When Justin and I visited Rio de Janeiro, we stayed in the Lapa neighborhood–a part of Rio once infamous for its high crime rates, which has transformed, in recent years, into the spot for late night fun.
But living in Lapa showed us that this part of Rio doesn’t just have a vibrant nightlife. Lapa is also one of the most colorful places, literally, in the entire city–from it’s brightly painted colonial buildings…
to its even more vivid street art.
And we want to share that Lapa’s colors (along with a bit of the area’s history) with you!
Taking a Stroll Through History
Walking down Lapa’s main avenue, Mem de Sá, today, it’s hard to imagine this area was once marshland (in the 18th and 19th centuries).
During that time in Lapa’s history, the Aqueduto da Carioca, built by slave labor, brought drinkable water from the hilltops down into the city. After the aqueduct stopped being used for this purpose at the beginning of the 20th century, the Arches were transformed into the Santa Teresa tram bridge.
In the early 20th century, Lapa transformed itself into a kind of French-style, bohemia–hence, its nickname, “Montmartre Carioca.”
The area’s elegant colonial mansions housed restaurants and music halls which played host to artists, politicians, intellectuals, and malandros (“young criminals”–term crops up often in Samba music.)
In the mid-20th century, as the government began to crack down on the kinds of vice-filled activities found frequently in Lapa, the area entered a period of decline.
New, modern buildings began to enter Lapa’s landscape in the 1960’s and 70’s. This contrast between old and new remains today as colonial-era homes stand check-to-jowl with huge modern structures.
Finding Beauty in Contrasts
But Lapa’s contrasts and contradictions are key elements of its character. Even the street art, we found, offers a mix of celebration (of the city, of Brazil, of art) and critique (of government policies, racism, poverty):
Fun fact: we got to meet the artist of the works below because he was a friend of our lovely Airbnb host, Antonio. (We highly recommend using Airbnb to help find your accommodation in Rio–having a local to help you navigate this city is absolutely fantastic. If you haven’t booked with Airbnb before, click here to get $35 off your first stay, compliments of Uncontained Life!)
A Love Letter to Rio
And of course, no overview of Lapa would be complete without a look at the Escadaria Selarón, a 215-step, tiled stairway created by Chilean artist Jorge Selarón.

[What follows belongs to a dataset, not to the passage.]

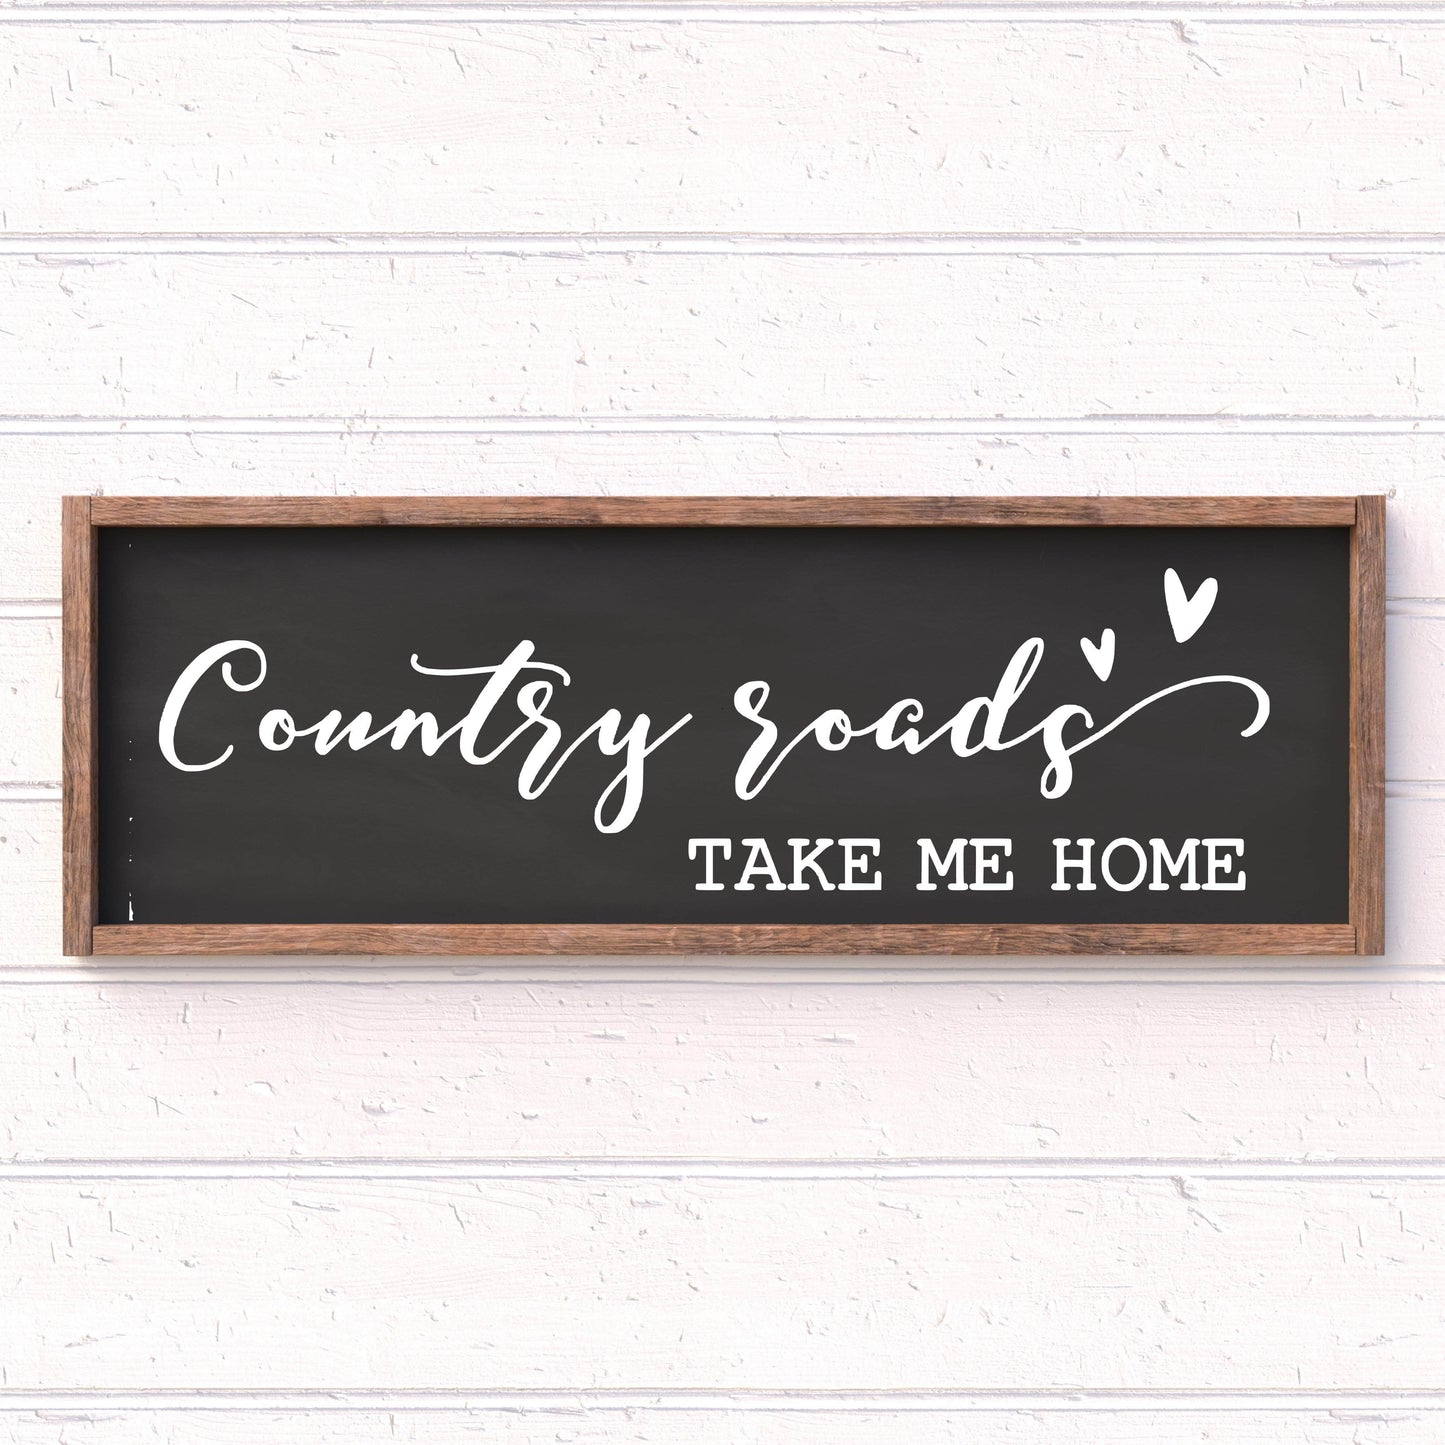 Country Roads take me Home framed wood sign, farmhouse sign, rustic decor, home decor

Selarón constructed his staircase (which contains more than 4,000 tiles) as both a love letter to Rio, and as a commentary on Brazil’s treatment of its most historically disadvantaged inhabitants: non-white favela-dwellers.
(You can see more photos of the staircase over here!)
As Lapa continues to revitalize, it’s possible the area may lose some of its rougher edges. But we hope its weird, wonderful, colorful spirit always remains.